Claro que los hay, Sr. Lobo. De no ser así ya me dirá de donde saco los datos para elaborar estas entradas. Sin embargo, me temo que en español no hay gran cosa, y lo que se puede encontrar es casi todo en inglés o francés. Por citarle un par de ellos le recomendaría "The Maginot Line: History and Guide", de Kaufmann, y "La Muraile de France ou la Ligne Maginot", de Truttmann. Con todo, quiero recordar que, ya que me dice que es especialmente aficionado a la Segunda Guerra Mundial, hay un foro en español dedicado íntegramente a ese período de la historia. No sé si lo conoce pero, de no ser así, quizás pueda interesarle visitarlo.

Un saludo y gracias por su comentario

Mr. Gatsby dijo...

Jeje, es que los "expertos" afines al comunismo de su época, son los mismos que hoy en día esnifan la propaganda de Russia Today como si fuera rayas de coca, alienándose con memeces como que el Sukhoi 57 está mucho más avanzado que el F-35 americano, cuándo la realidad es que mientras el Su-57 ni siquiera ha entrado en servicio, la USAF ya tiene un centenar de F-35 listos para la acción. Y eso por no mencionar que las capacidades del Su-57 están parejas a las del F-22 y no al 35, o ni hablemos, ya para no avergonzar mucho a los rusos, de los medios económicos de los que dispone EEUU frente a Rusia para fabricarlos en masa y dotarlos de todos los medios necesarios de apoyo para exprimirlos bien en combate.

En fin, los tontos útiles y crédulos de todo pelaje siempre estarán ahí, viviendo felices en sus mundos paralelos.

Un saludo.

dani dijo...

Gran artículo, como todos. Muchas gracias por sus esfuerzos.

Amo del castillo dijo...

El problema de los tontos útiles es que suelen contagiar con su estulticia a más o menos gente que, a falta de algo más serio o digno que apoyar, hacen de palmeros y jalean sus estupideces. En fin, nadie dijo que el mundo tenía que ser un sitio agradable y, por desgracia, el número de tontos permanece inamovible o incluso aumenta.

Un saludo

Amo del castillo dijo...

Muy agradecido vos quedo, Sr. Dani

Un saludo y gracias por su comentario

el señor Lobo dijo...

Buenos días,

Muchas gracias, Amo del Castillo, por ese par de reseñas. Intentaré conseguir el de Kaufmann. El idioma de Shakespeare (Dios confunda a los ingleses -me permito tomarle prestada la expresión-) no es problema. Como tampoco lo son el tedesco o el italiano. Con el francés (maldito sea el enano corso -id-) solo tengo contacto durante el sexo (mucho mejor que hablarlo, por cierto). Pero está en la lista de próximos idiomas a aprender.

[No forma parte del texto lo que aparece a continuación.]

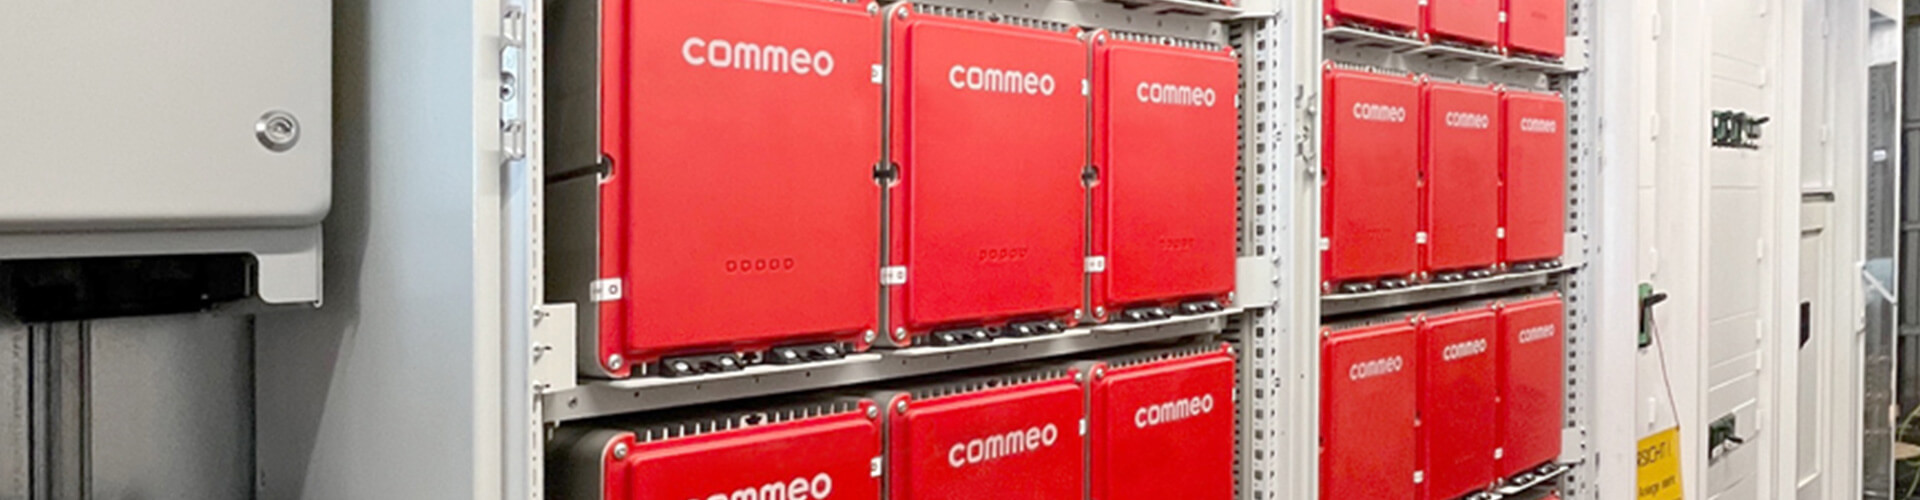 Zwei Commeo Batteriespeicher sind im Wilo Container installiert

Foros de la Segunda Guerra Mundial solo conozco el del foro militar gerneral y el del foro portierramaryaire. Si hay alguno más, lo desconozco. Dígame la dirección web y lo visitaré sin duda.

Muchas gracias y un saludo.

Ismael dijo...

Excelentes artículos.

Nunca habría pensado que en esta linea de fortificaciones se recurriera a tanta solución que recuerda a los antiguos fuertes, incluso a los castillos medievales.

Un Saludo.

Amo del castillo dijo...

A ese es foro es al que me refería, Sr. Lobo. Que yo sepa no hay ningún otro más.

Un saludo

Amo del castillo dijo...

No se extrañe, Sr. Ismael. Al cabo, hoy día seguimos usando fosos y abrojos. Por lo demás, me alegro que haya sido de su interés.